EXERCISE AIM
The pictures are to be left out when the listing below is reproduced word for word.

DATASET EXTRACT
···
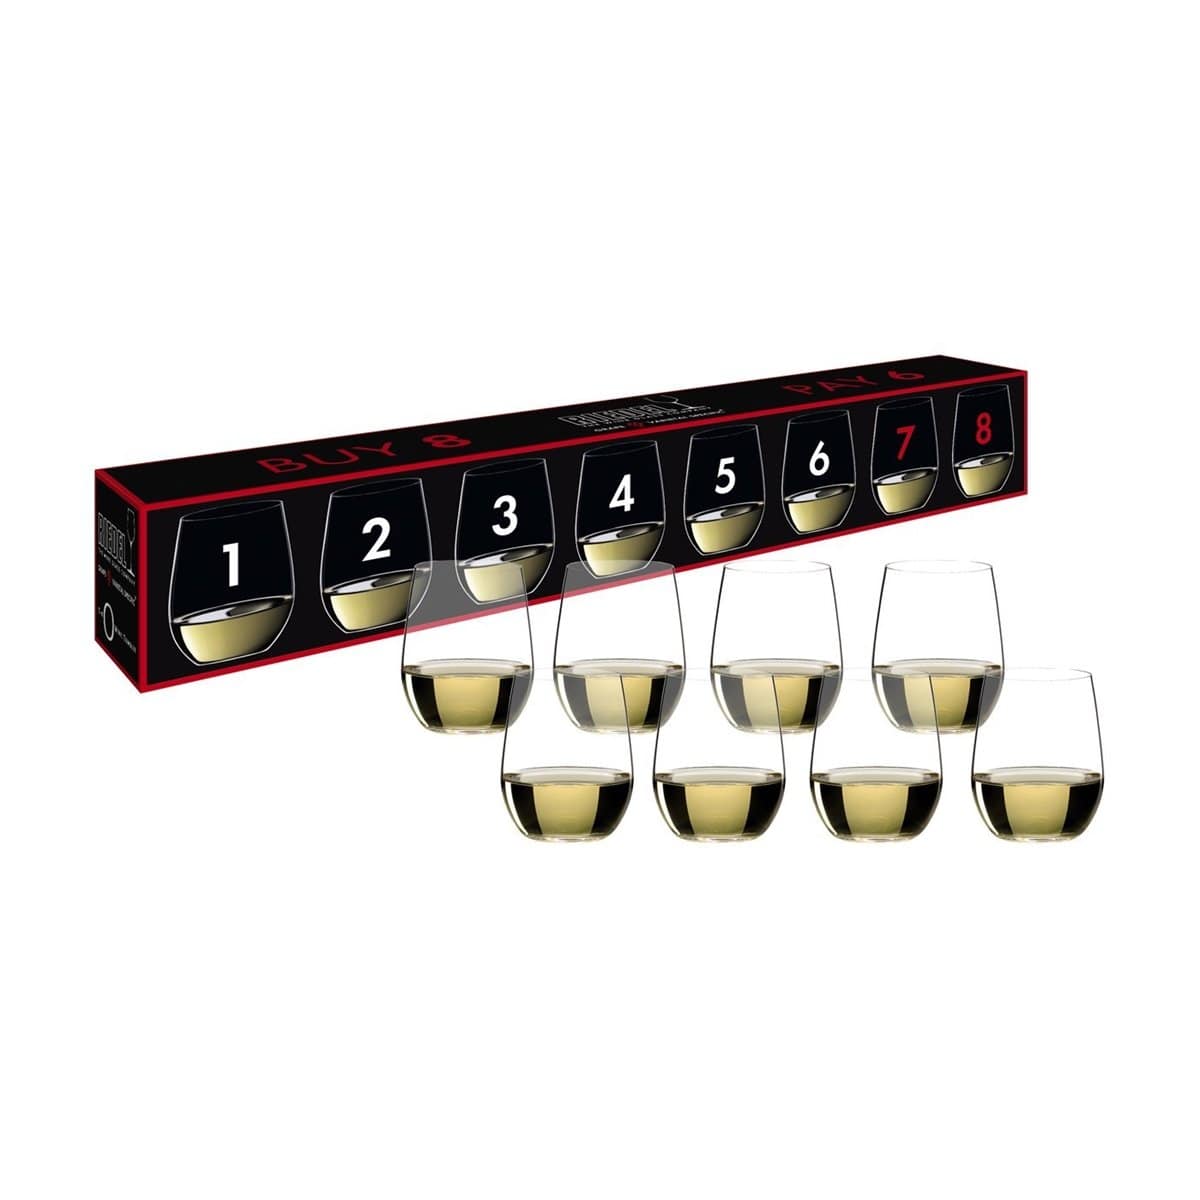 Riedel VINUM Viognier/Chardonnay Glasses] Review: [Our Take on Riedel VINUM  Viognier/Chardonnay Glasses]
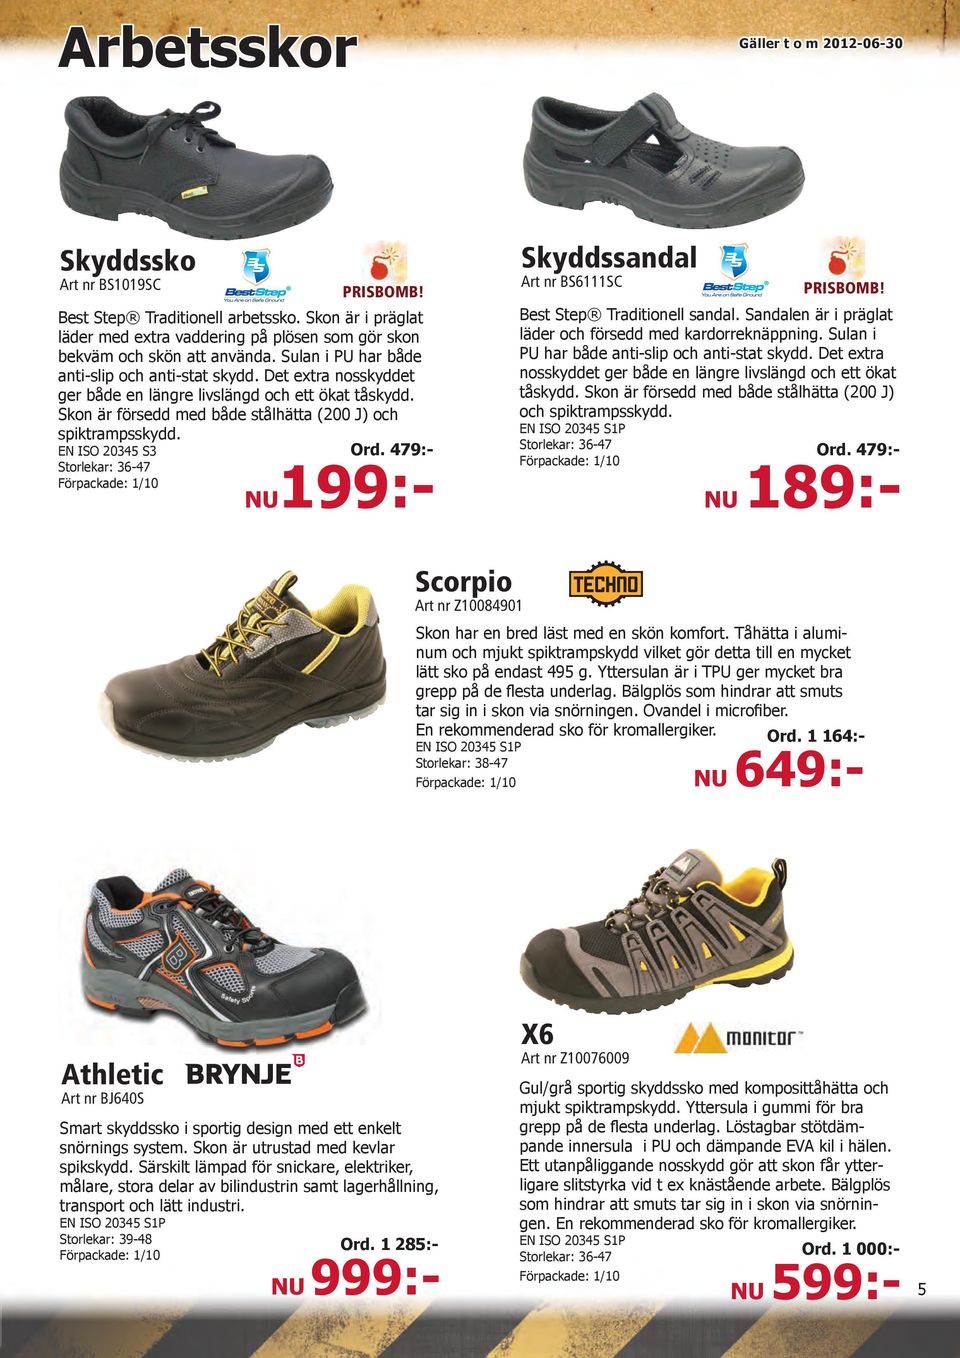 EN ISO 20345 S3 Storlekar: 36-47 Förpackade: 1/10 Skyddssandal Art nr BS6111SC PRISBOMB! Best Step Traditionell sandal. Sandalen är i präglat läder och försedd med kardorreknäppning.
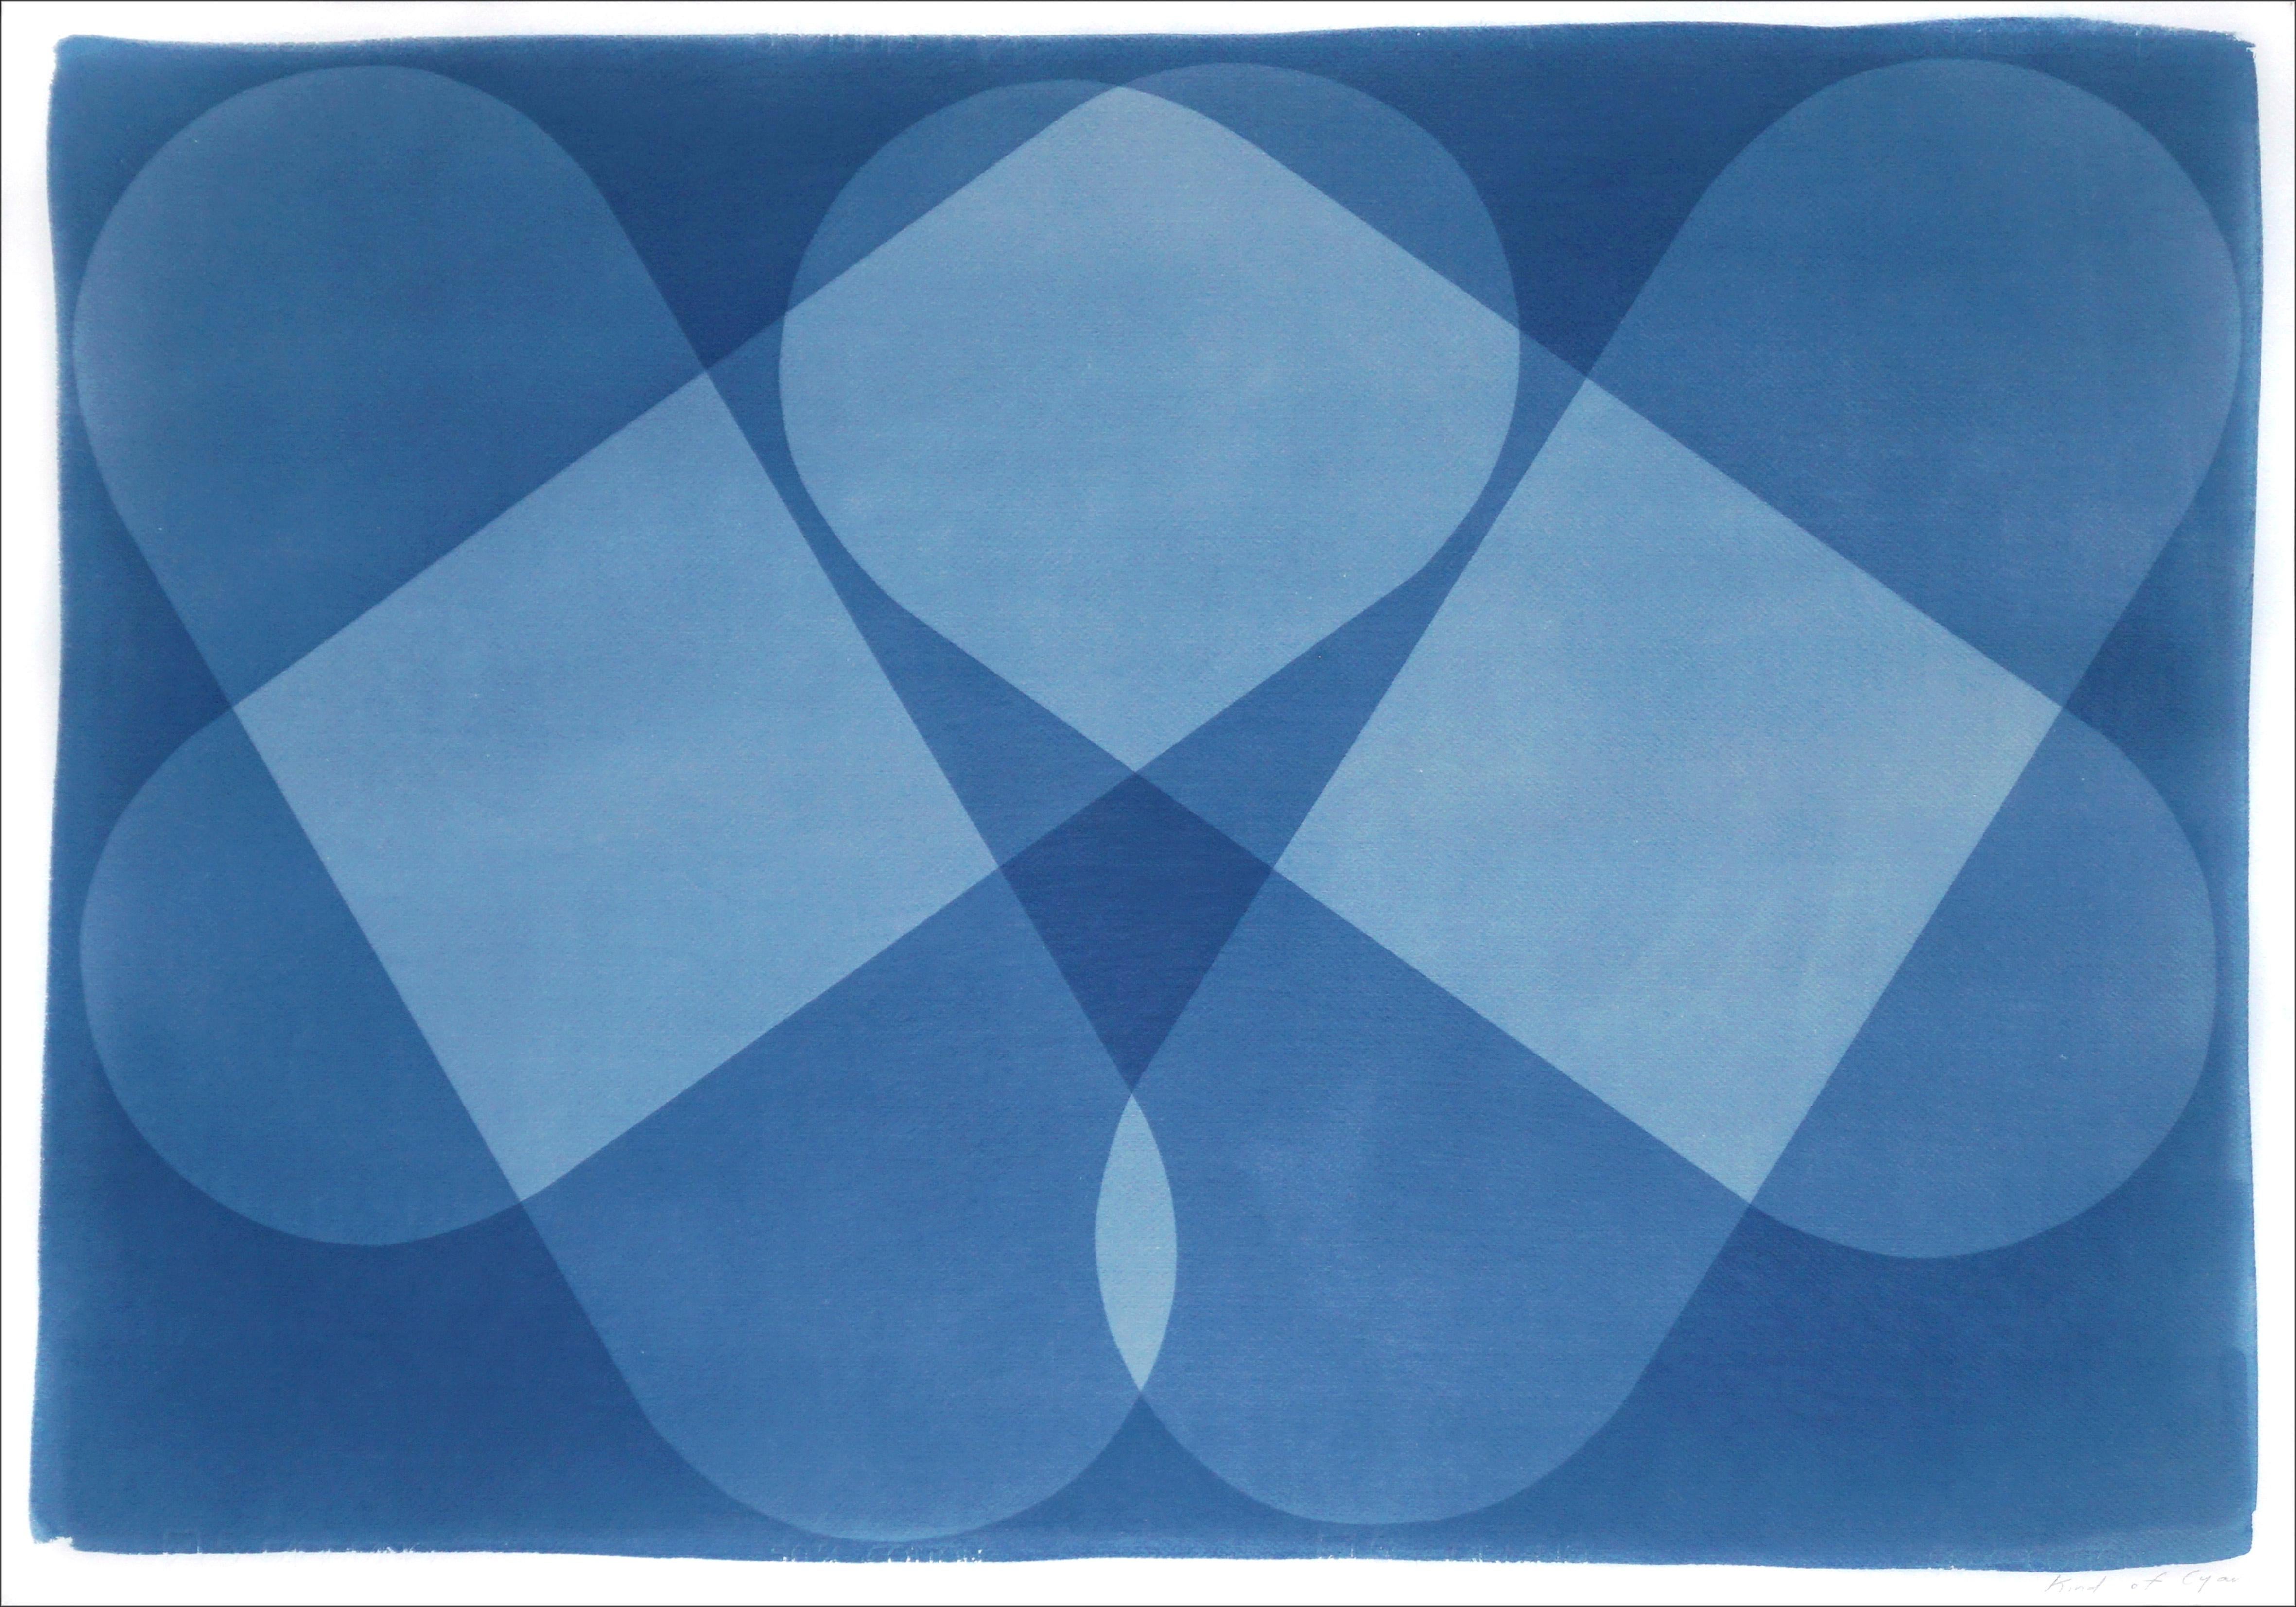 Abstract Photograph Kind of Cyan - Iconique symétrique, blocs aux tons bleus, bâtiments abstraits, cyanotype unique, papier
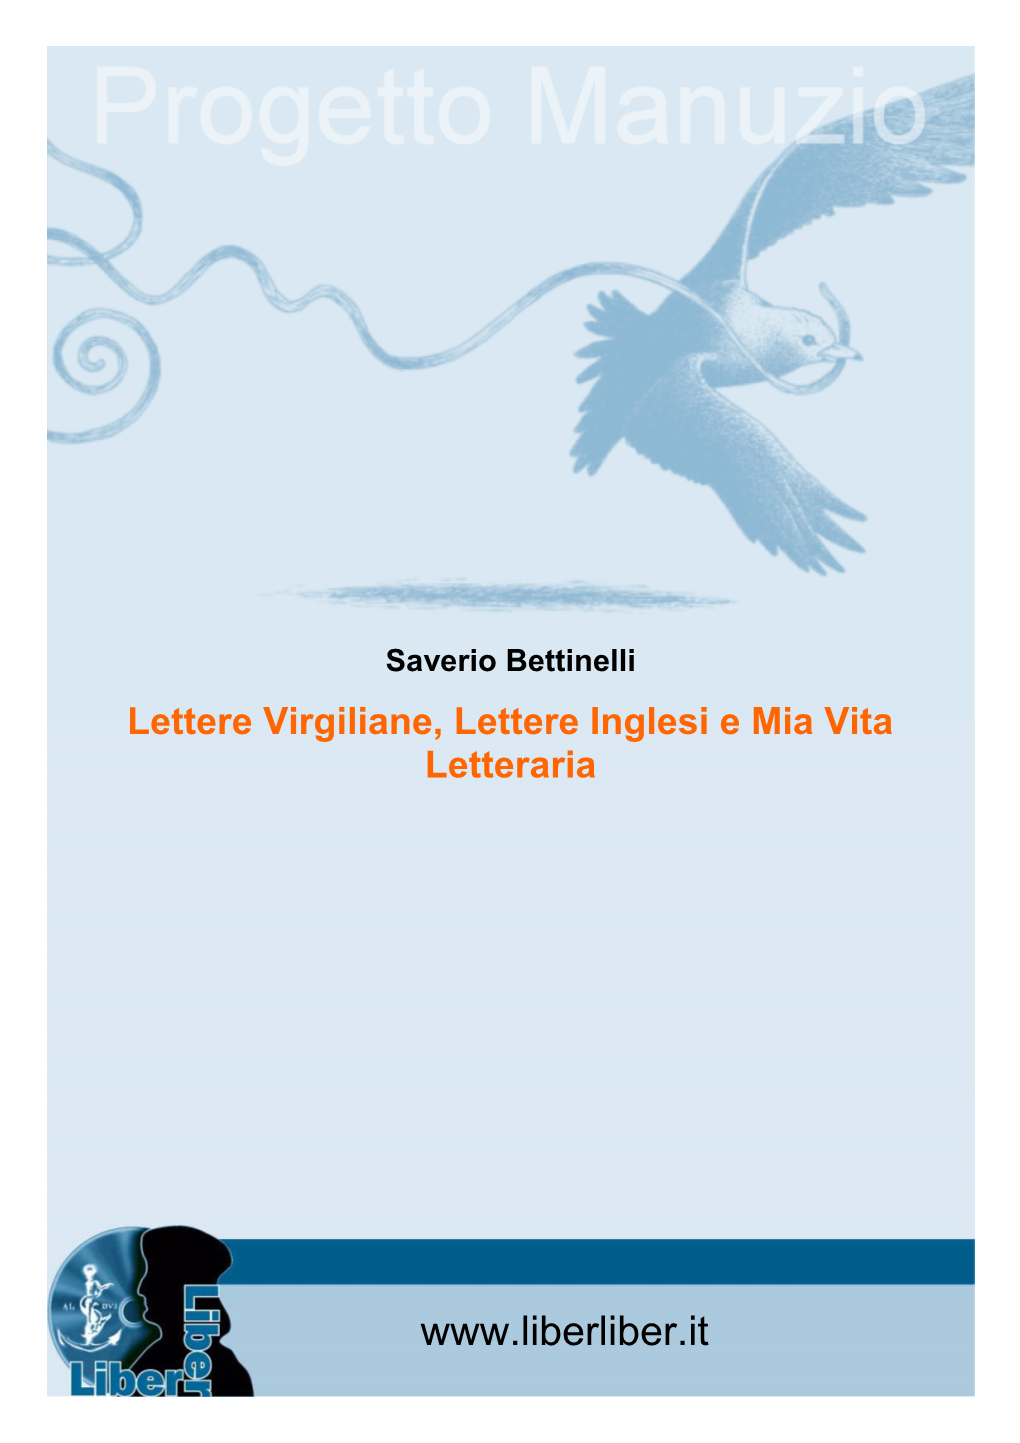 Saverio Bettinelli Lettere Virgiliane, Lettere Inglesi E Mia Vita Letteraria
···
YOUR SOLUTION
 Riedel VINUM Viognier/Chardonnay Glasses] Review: [Our Take on Riedel VINUM  Viognier/Chardonnay Glasses]
 EN ISO 20345 S3 Storlekar: 36-47 Förpackade: 1/10 Skyddssandal Art nr BS6111SC PRISBOMB! Best Step Traditionell sandal. Sandalen är i präglat läder och försedd med kardorreknäppning.
 Abstract Photograph Kind of Cyan - Iconique symétrique, blocs aux tons bleus, bâtiments abstraits, cyanotype unique, papier
 Saverio Bettinelli Lettere Virgiliane, Lettere Inglesi E Mia Vita Letteraria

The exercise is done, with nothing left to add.